38. The method of claim 37, further comprising:
forming a cone portion in the face of the body and surrounding the centerline; and disposing a plurality of polycrystalline diamond compact (pdc) cutters on the face within the cone portion.
39. The method of claim 35, further comprising configuring the plurality of blades to provide at least one fluid course therebetween.
40. The method of claim 39, further comprising placing a plurality of ports in the face of the drill bit, each port being in fluid communication with at least one of the plurality of fluid courses.
41. The method of claim 34, further comprising:
forming a cone portion in the face of the body and surrounding the centerline; and
disposing a plurality of polycrystalline diamond compact (pdc) cutters on the face within the cone portion.
42. The method of claim 34, further comprising forming the bit body as a matrix bit body.
43. The method of claim 42, further comprising forming the cutting structures as posts.
44. The method of claim 43, further comprising integrally forming the posts with the face.
45. The method of claim 34, further comprising configuring each cutting structure to have a substantially planar surface at the outermost end thereof, each substantially planar surface being substantially parallel with the bit face from which the cutting structure protrudes.
47. The method of claim 46, further comprising wearing the plurality of discrete post-like structures down to the blades and continuing to engage the at least a first formation with diamond grit carried in the blades.
50. The rotary drag bit of claim 49, wherein the at least one discrete cutting structure is brazed onto the blade.

This application claims the benefit of U.S. Provisional Patent Application Serial No. 60/167,781, filed Nov. 29, 1999 for IMPREGNATED BIT WITH PDC CUTTERS IN CONE AREA.

1. Field of the Invention

The present invention relates to fixed cutter or drag type bits for drilling subterranean formations.
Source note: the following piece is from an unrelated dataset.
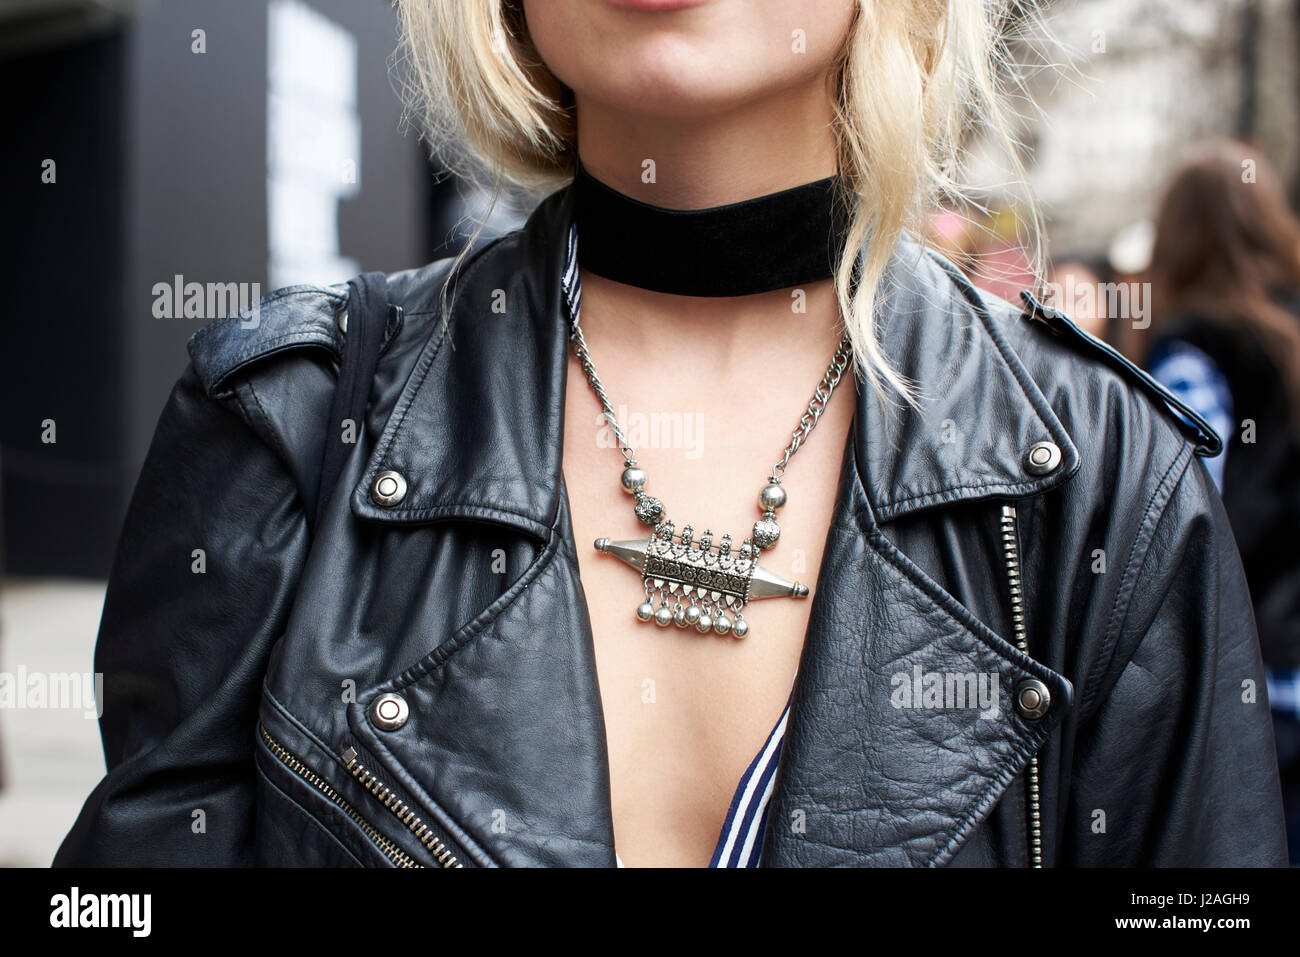 Londres - Février 2017 : récolte de femme portant un manteau de cuir noir, collier noir et argent collier de la rue lors de la London Fashion Week, horizontal, vue avant Banque D'Images

More specifically, the present invention relates to drag bits for drilling hard and/or abrasive rock formations, and especially for drilling such formations interbedded with soft and non-abrasive layers.

2. State of the Art

So-called "impregnated" drag bits are used conventionally for drilling hard and/or abrasive rock formations, such as sandstones. The impregnated drill bits typically employ a cutting face composed of superhard cutting elements, such as natural or synthetic diamond grit, dispersed within a matrix of wear resistant material. As such a bit drills, the matrix and diamonds wear, worn cutting elements are lost and new cutting elements are exposed. These diamond elements may either be natural or synthetic, and may be cast integral with the body of the bit, as in low-pressure infiltration, or may be preformed separately, as in hot isostatic pressure infiltration, and attached to said bit by brazing or furnaced to bit during manufacturing.
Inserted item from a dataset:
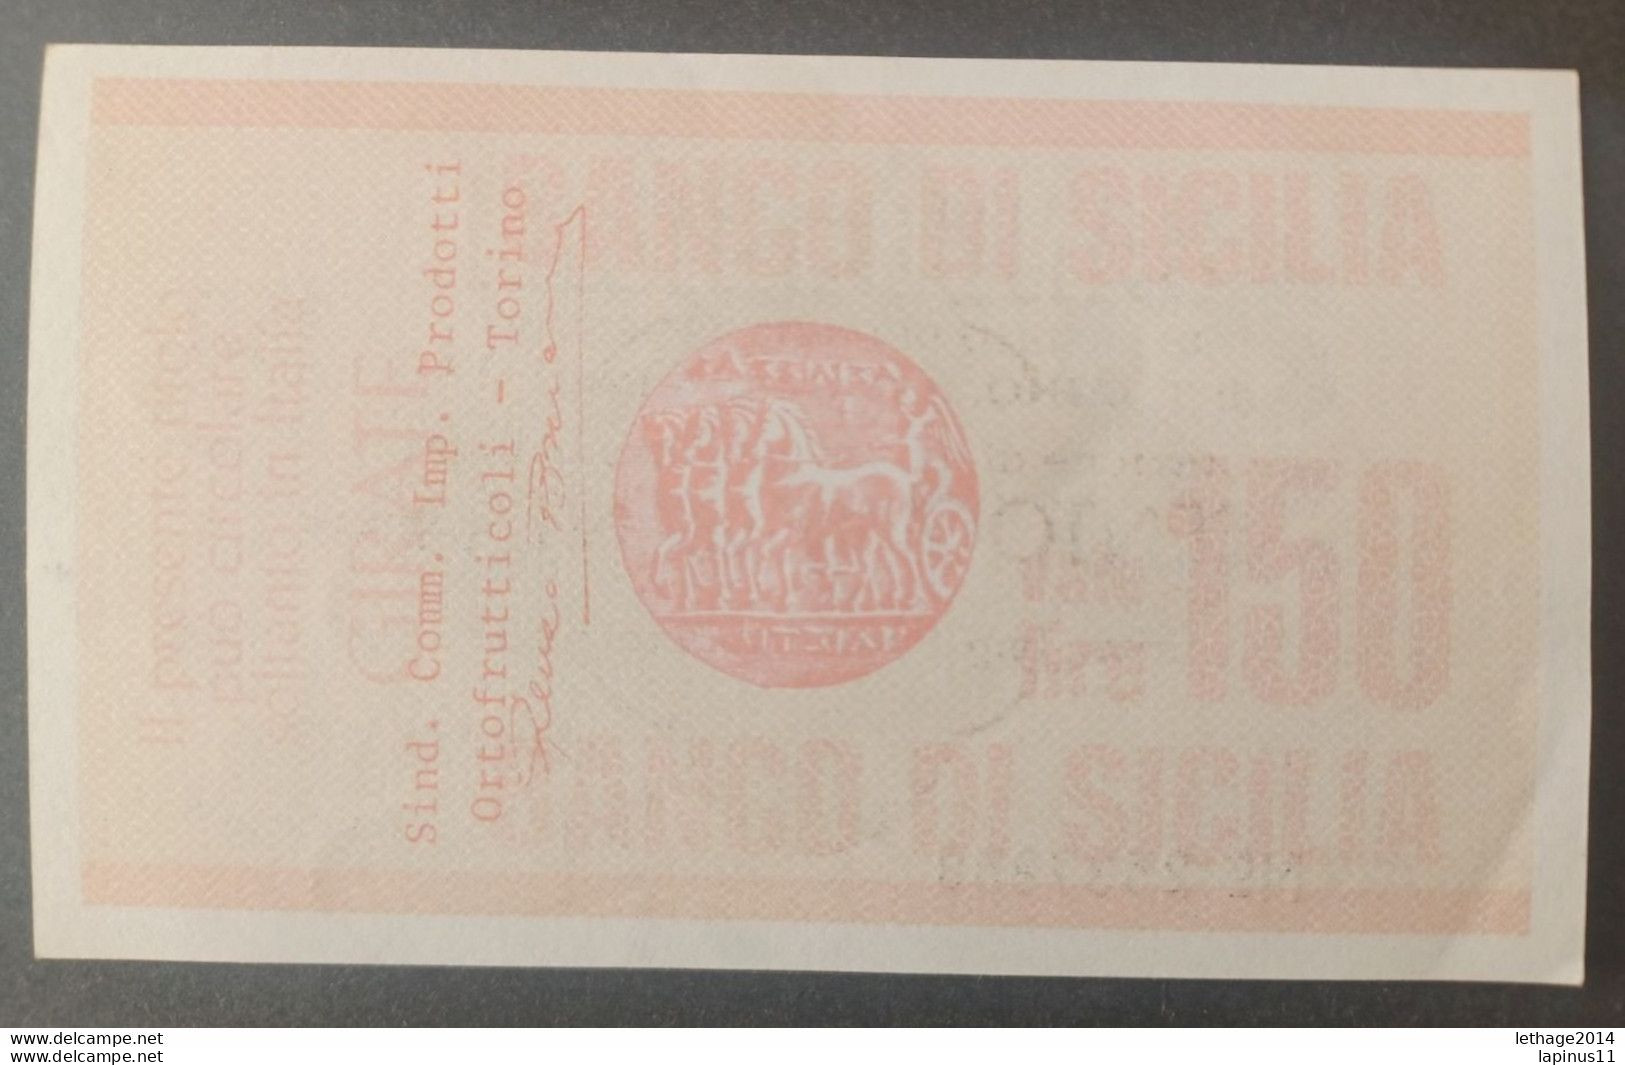 BANKNOTE ITALY MINICHECKS 150 LIRE BANCO DI SICILIA 1977 FDS - [10] Checks And Mini-checks

Conventional impregnated bits generally exhibit poor hydraulics design by employing a crow's foot to distribute drilling fluid across the bit face and providing only minimal flow area. Further, conventional impregnated bits do not drill effectively when the bit encounters softer and less abrasive layers of rock, such as shales. When drilling through shale, or other soft formations, with a conventional impregnated drag bit the cutting structure tends to quickly clog or "ball up" with formation material making the drill bit ineffective. The softer formations can also plug up fluid courses formed in the drill bit causing heat build up and premature wear of the bit. Therefore, when shale type formations are encountered, a more aggressive bit is desired to achieve a higher rate of penetration (ROP). It follows, therefore, that selection of a bit for use in a particular drilling operation becomes more complicated when it is expected that formations of more than one type will be encountered during the operation.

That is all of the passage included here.